The old 'blast -batch' command doesn't work anymore; to run blast in batch mode see How do I run blast searches in batch mode
Protein sequence alignment programs in the Wisconsin Package use scoring matrices to make comparisons between pairs of amino acids. In Version 9.0, released in December 1996, changes were made to the scoring matrices which may affect the alignments you create. If the sequences you aligned in previous versions of the Package were very similar, you may not have noticed much difference to those same alignments produced using Version 9.0. However, with more distantly related sequences the alignments produced may be substantially different.
Version 9 Changes to Scoring Matrices
There are two main changes to protein scoring matrices in Version 9.0.
How Does This Affect Me?
Two common questions you may have about the alignments created in Version 9.0 and their answers are detailed below.
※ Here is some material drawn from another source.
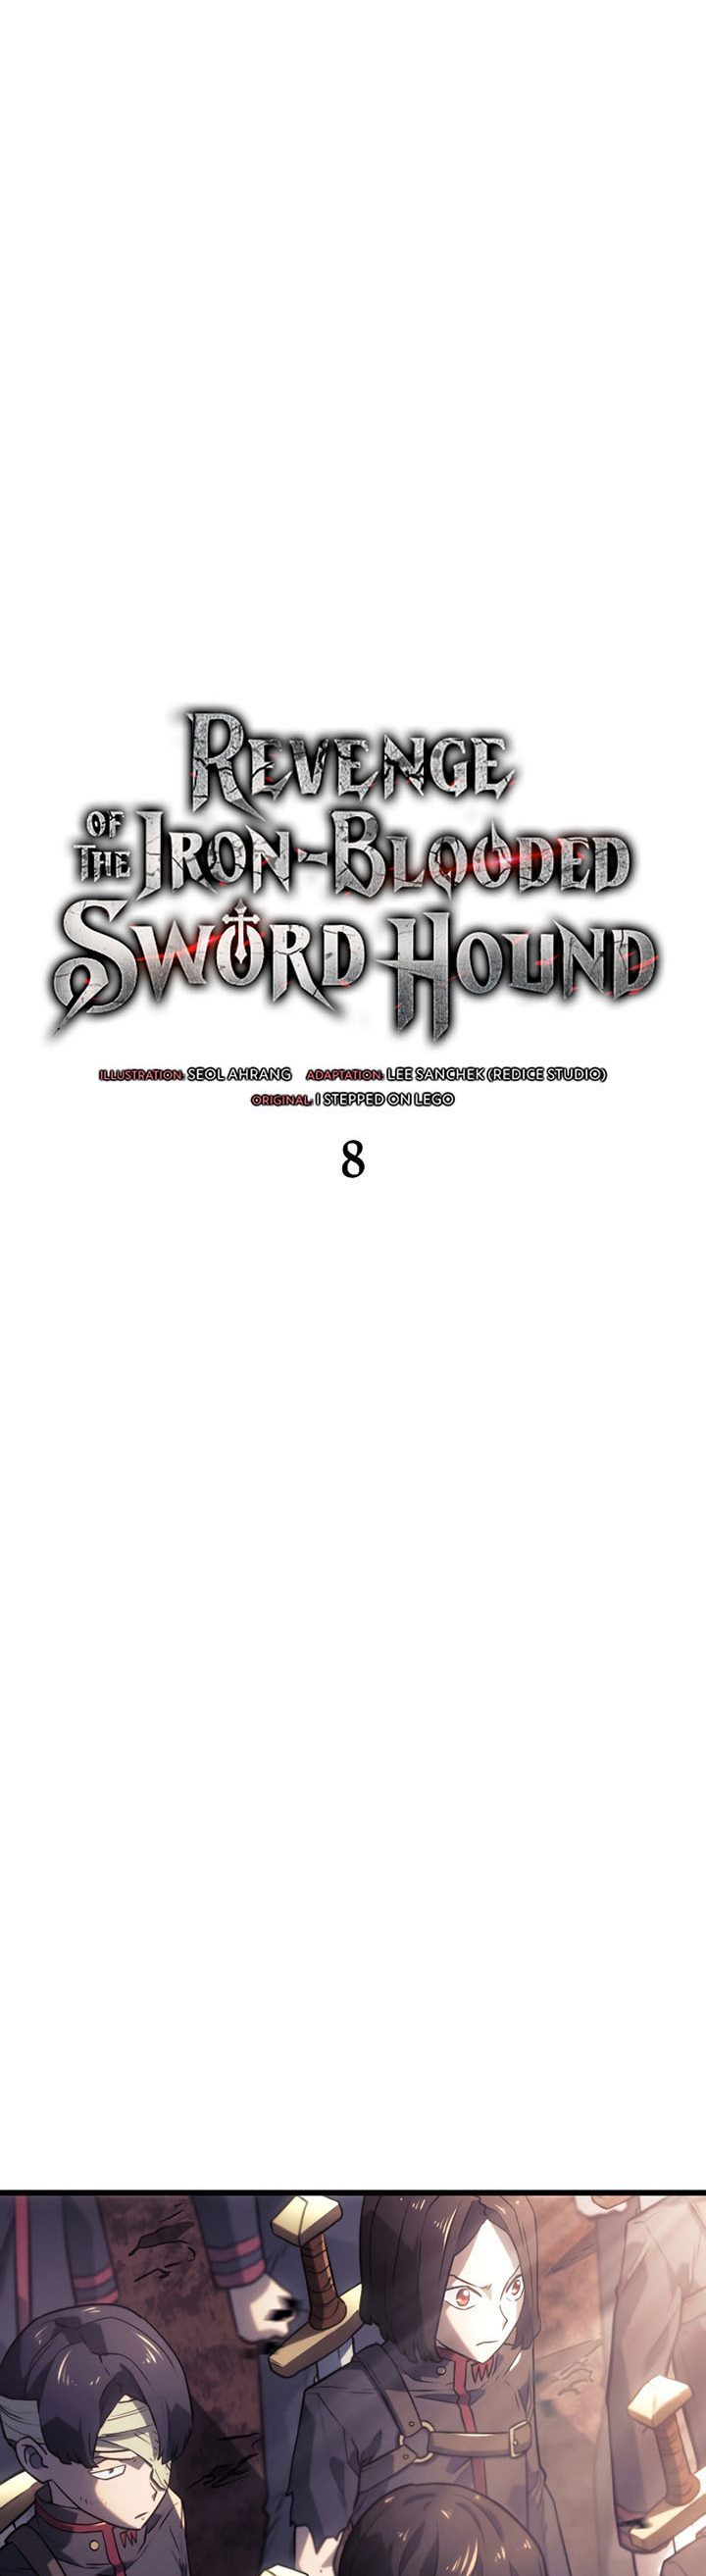 Revenge Of The Iron-blooded Sword Hound Chapter 8

Q: The global alignment displayed by PileUp or Gap shows one sequence completely to the right of the others, with only a few end bases shown as matched when run with BLOSUM62 (see examples below). But with the old matrix the sequences appeared to align together. Why?
A: The old matrix (PAM250) was overly permissive of mismatches and allowed you to align unrelated sequences. The BLOSUM62 matrix is more restrictive and will not routinely align unrelated sequences along their entire lengths. Thus, you may find that the displaced sequence(s) may be unrelated to the rest of your alignment. If you have reason to believe that the sequences are globally but very distantly related, then you might want to align them with a matrix based on an evolutionary model that assumes greater divergence time, like BLOSUM30. (A complete series of BLOSUM matrices is provided in the GenMoreData directory.)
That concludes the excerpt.